■ **ASSIGNMENT**: All that should be output is the block of lines below from the line with "Braves Puff Shirt" to the line with "Nine Inch Nails Wallpaper.", both included, exactly as written.

■ **EXCERPTED DATA**:
_ _ _ _

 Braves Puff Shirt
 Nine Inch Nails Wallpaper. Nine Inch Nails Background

_ _ _ _

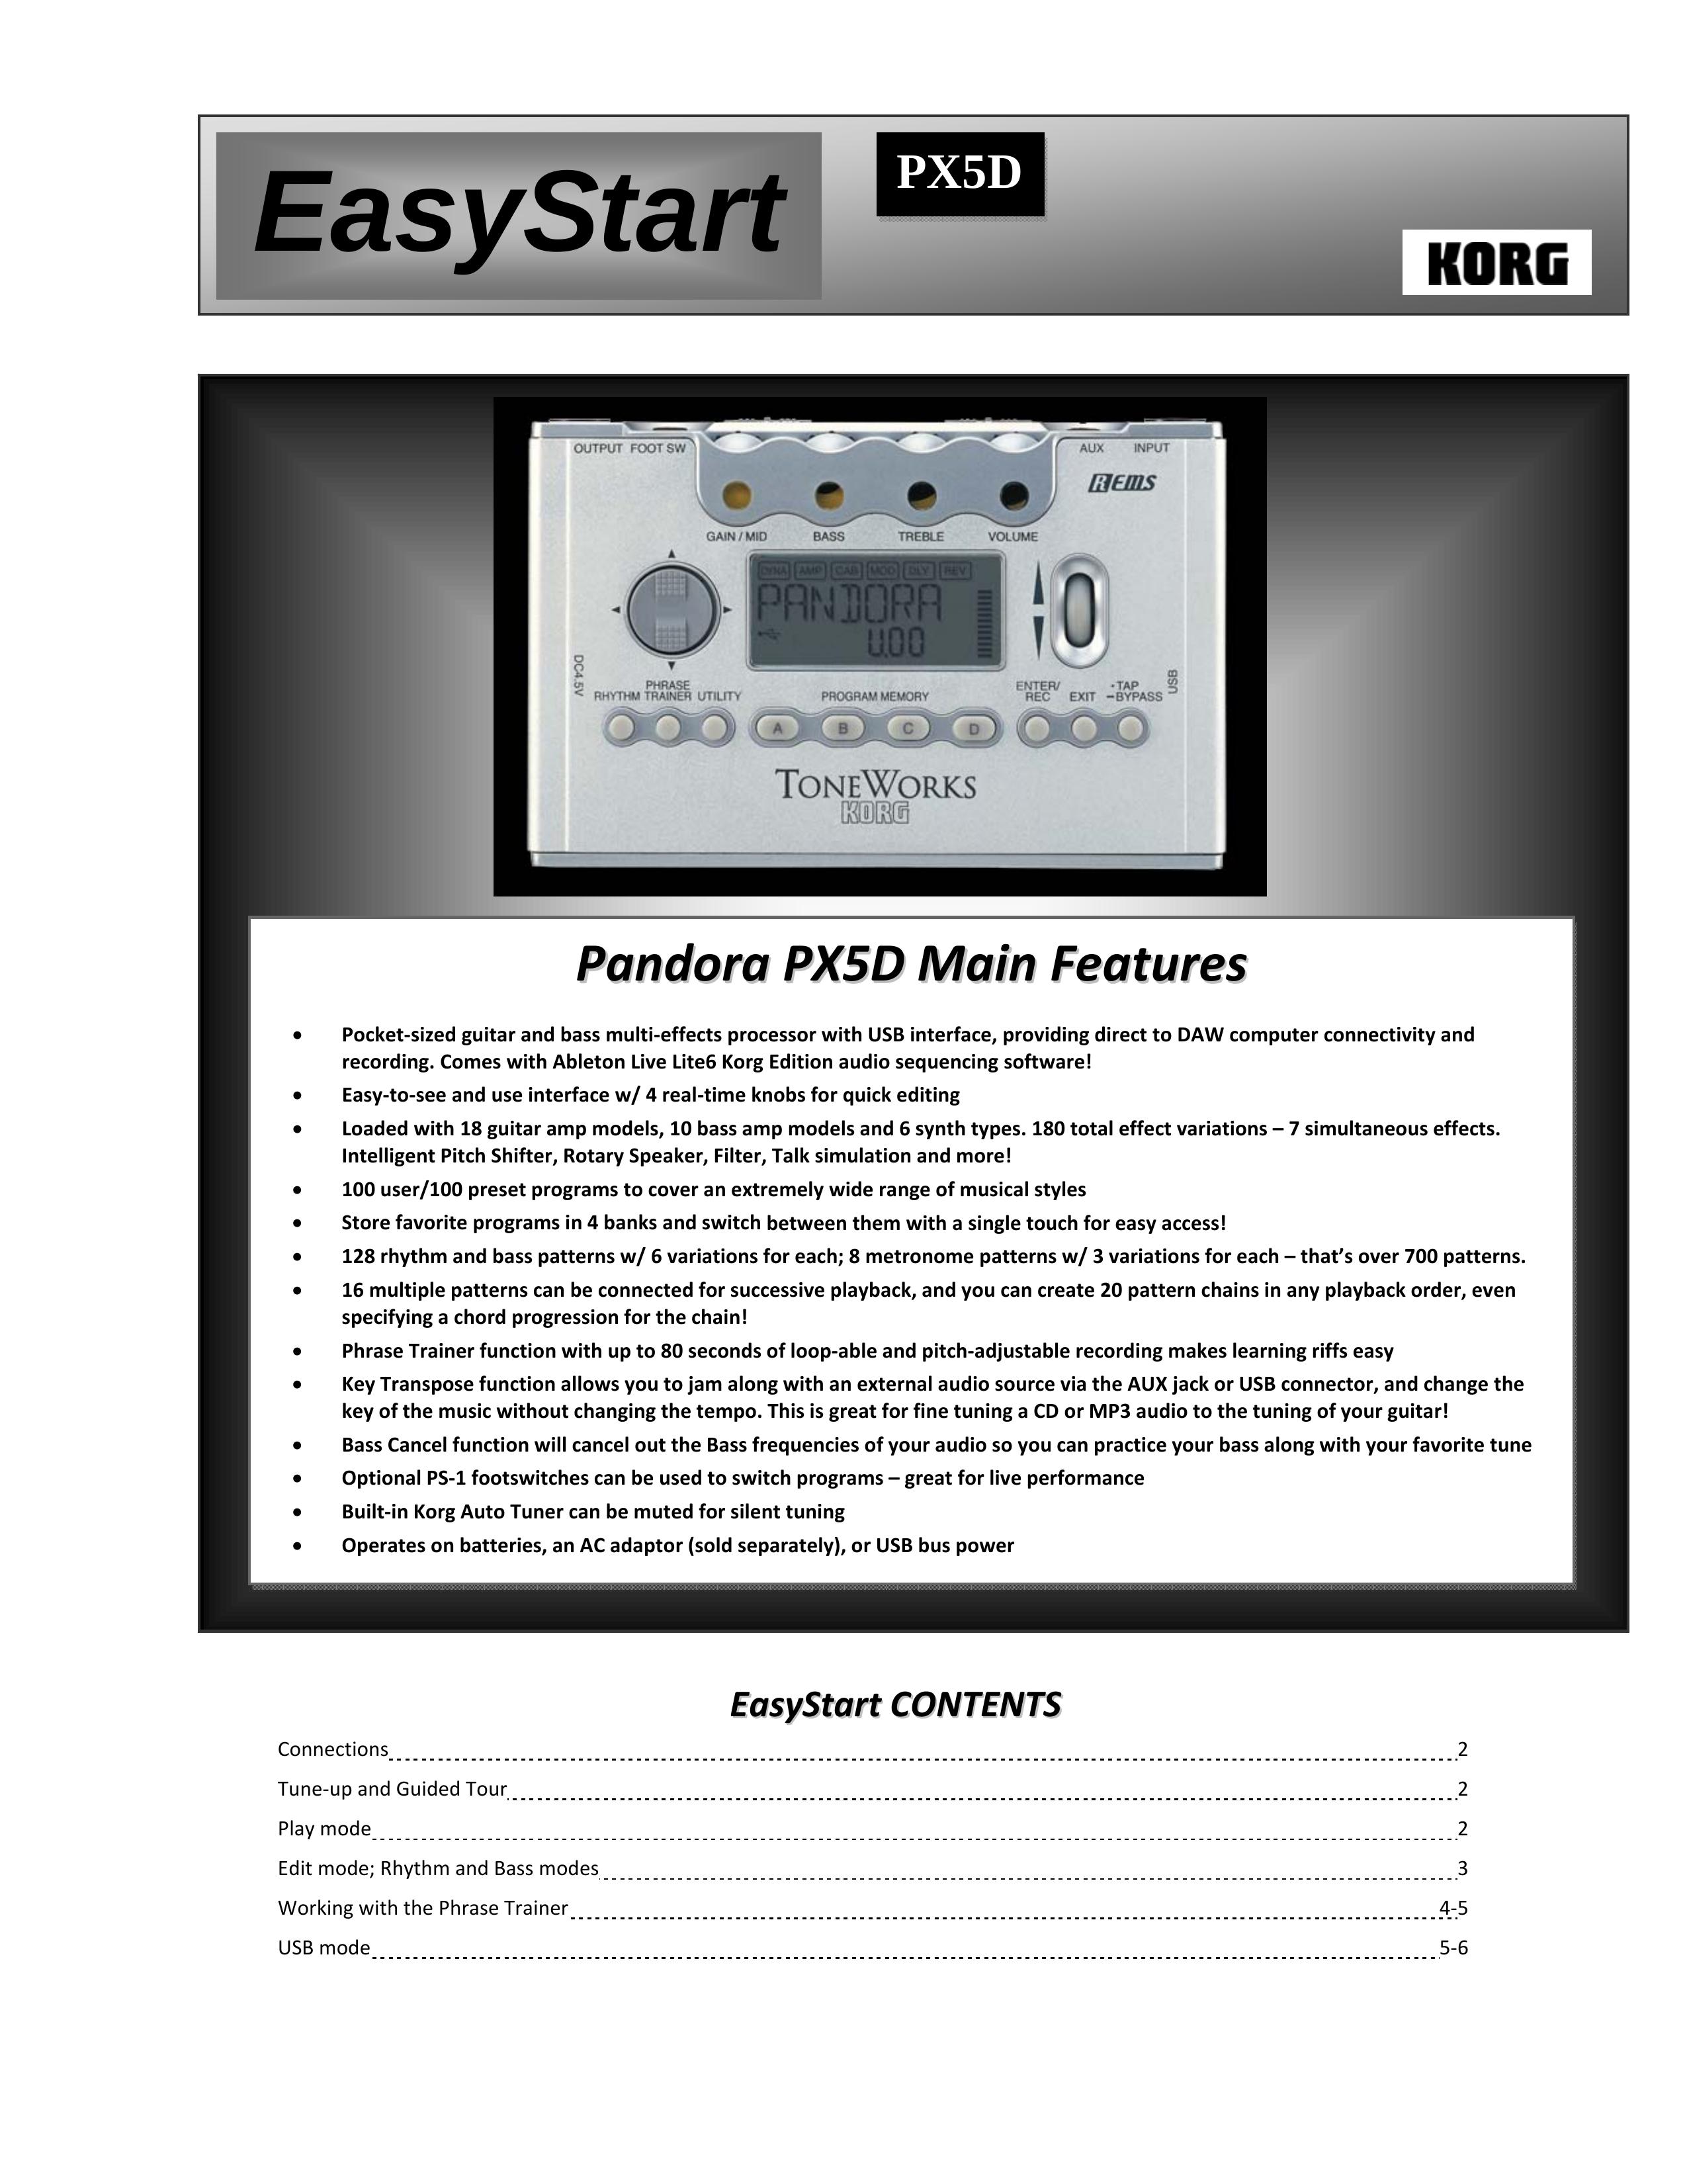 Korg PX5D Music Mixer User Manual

_ _ _ _

■ **EXPECTED ANSWER**:
 Braves Puff Shirt
 Nine Inch Nails Wallpaper. Nine Inch Nails Background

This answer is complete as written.